Using a probe from the 3' end of the
unc-22 region, a partial cDNA for
unc-22 was isolated from Barbara Meyer's lambda
gt10 cDNA library. The insert is a 1.6 kb Eco RI fragment which lacks a poly A tail. By comparing this cDNA to an
unc-22 genomic clone, we have determined that the cDNA lies approx. 1.5-2.0 kb upstream of the probable 3' end of the
unc-22 14 kb mRNA. Both strands of this cDNA have been sequenced and an open reading frame in the direction of transcription with the biased codon usage described by Blumenthal et al. (WBG 8(1) :36) has been found. To our surprise, a search of the protein sequence data bank revealed homology to protein kinases. This portion of
unc-22 is roughly 30% homologous to a stretch of about 260 amino acids comprising the catalytic domains of 3 known serine-threonine protein kinases and 10 tyrosine kinases of oncogenes (Hunter and Cooper, 1985, Ann. Rev. Biochem. 54:897). A portion of this region is shown in figure 1a. Most residues (18/24) conserved in all protein kinases are found in
unc-22 and these are marked with arrows. Among these is the ala pro glu trio, likely to be important for catalysis.
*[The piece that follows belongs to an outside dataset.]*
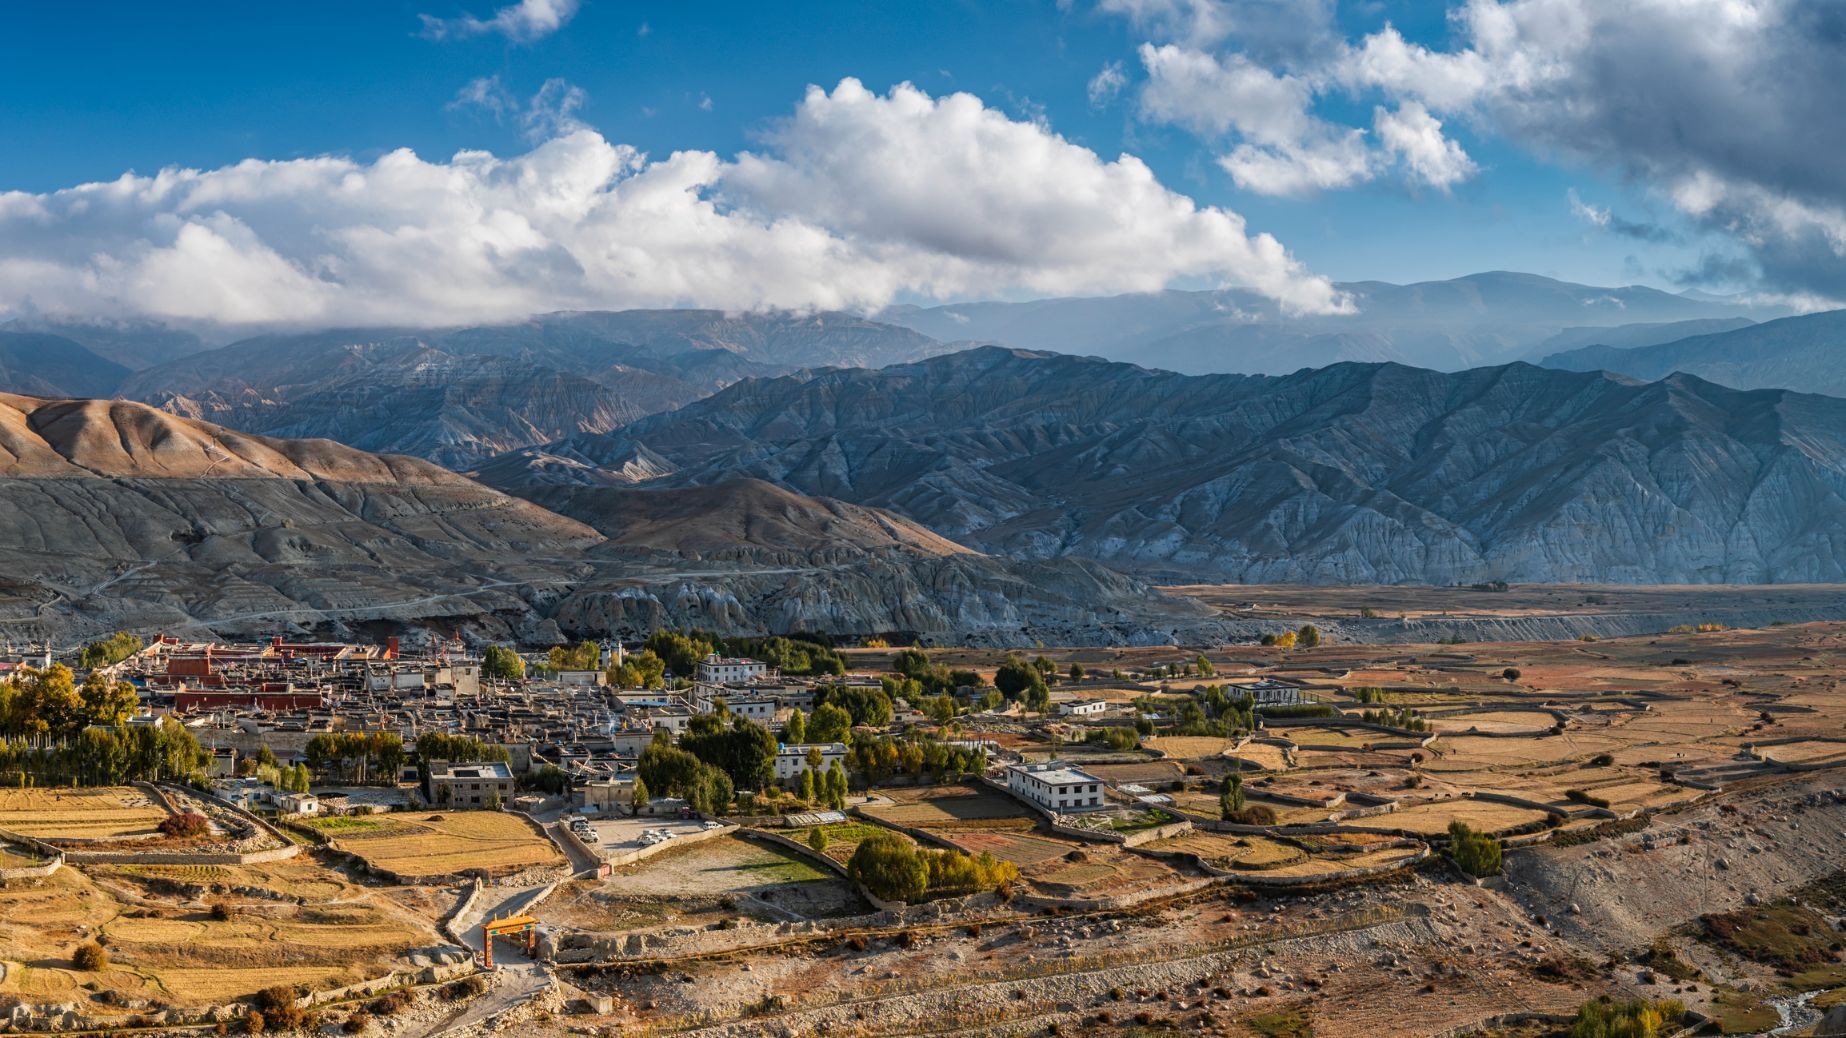 A panoramic view of Lo Manthang, the capital of the Mustang region in the Nepal Himalaya. 
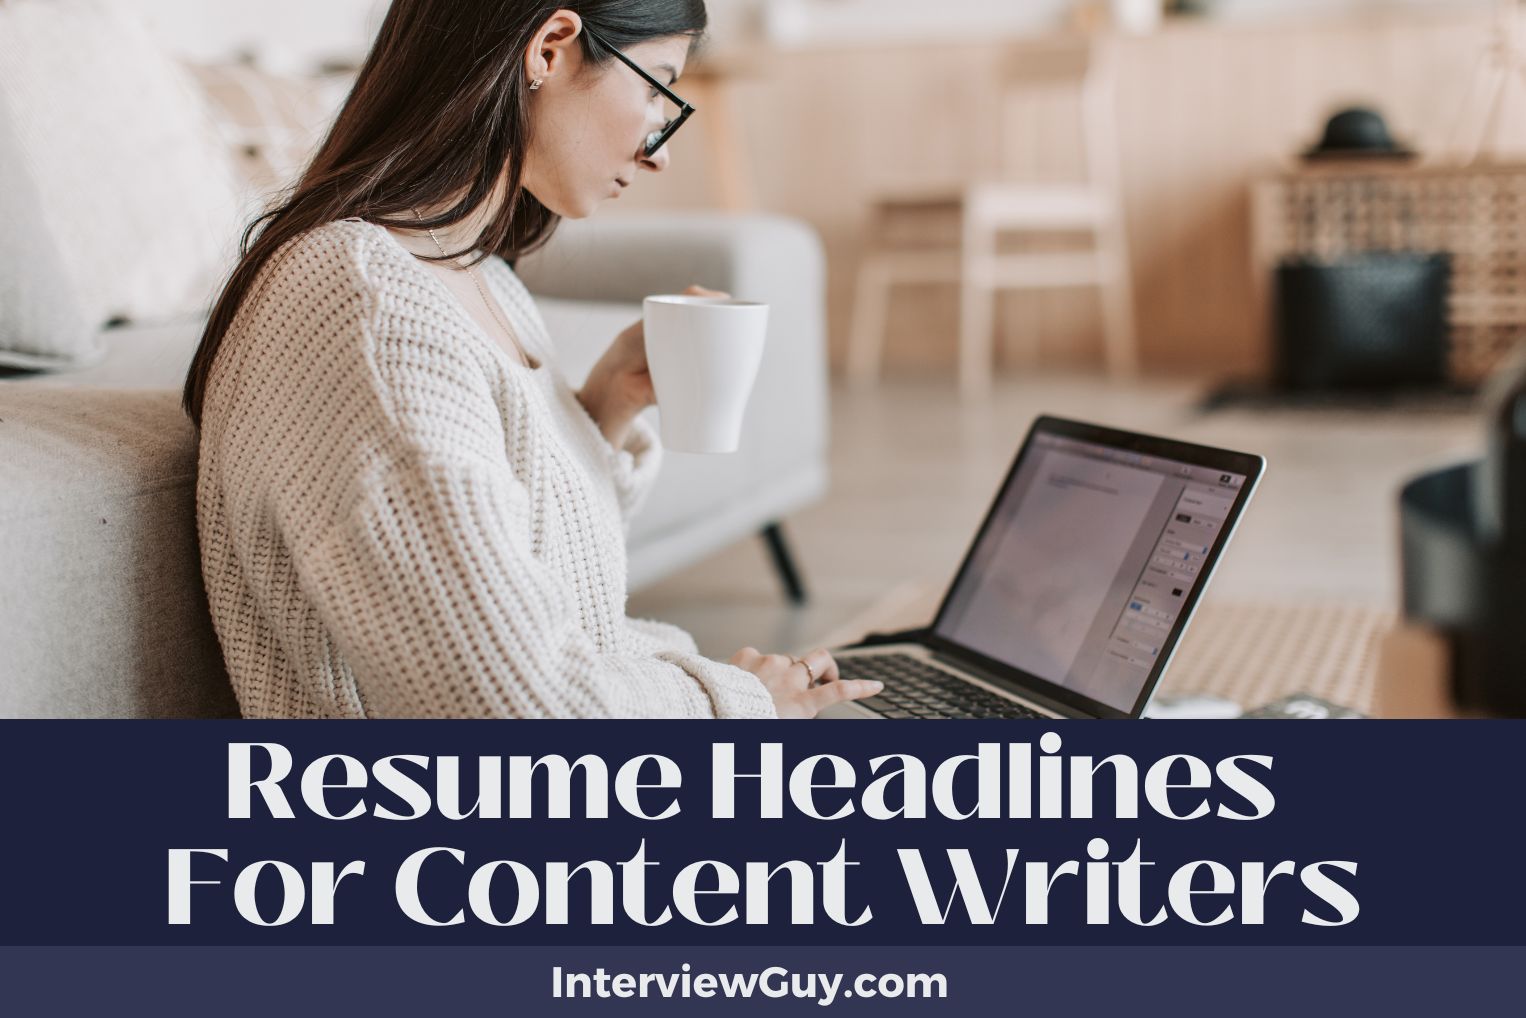 Resume Headlines For Content Writers

unc-22 also shows strong homology to the presumed ATP binding domain, which is found at the amino terminal portion of the 260 residue region (see figure 1b). This includes a lysine (marked with 2 arrows), which in the v-src protein and bovine cAMP dependent protein kinase can bind an ATP analog resulting in loss of kinase activity. In
unc-22, 16 residues to the amino terminal side of this lysine is the sequence gly X gly X X gly (marked with arrows in figure lb). This glycine block is found in an analogous position in all known protein kinases and has also been observed in a number of other nucleotide binding proteins. In addition,
unc-22 sequence has been analyzed from three Tc1 insertion sites and a 1.1 kb restriction fragment. A total of 4.3 kb, distributed over an 8 kb region, has been accumulated (see figure 2). We have found seven examples of a 91 residue segment. This repeat is found at the amino acid but not the DNA level. For 3 of these repeats, homology extends further, although less strongly, for a total of about 180 residues. Spacing between repeat units varies from 9 to 73 amino acids. Interestingly, 2 of these repeats bracket the putative kinase. Within the most highly conserved first 91 residues of the repeat, the same 29 residues are found in nearly the same position in at least 4 of the 7 repeats and 7 out of 29 of these residues are the same in all the repeats. Eight of the 29 conserved residues are proline. This proline richness (about 9% overall) seems to rule out alpha helical structure. No sequence homologies to known proteins were found.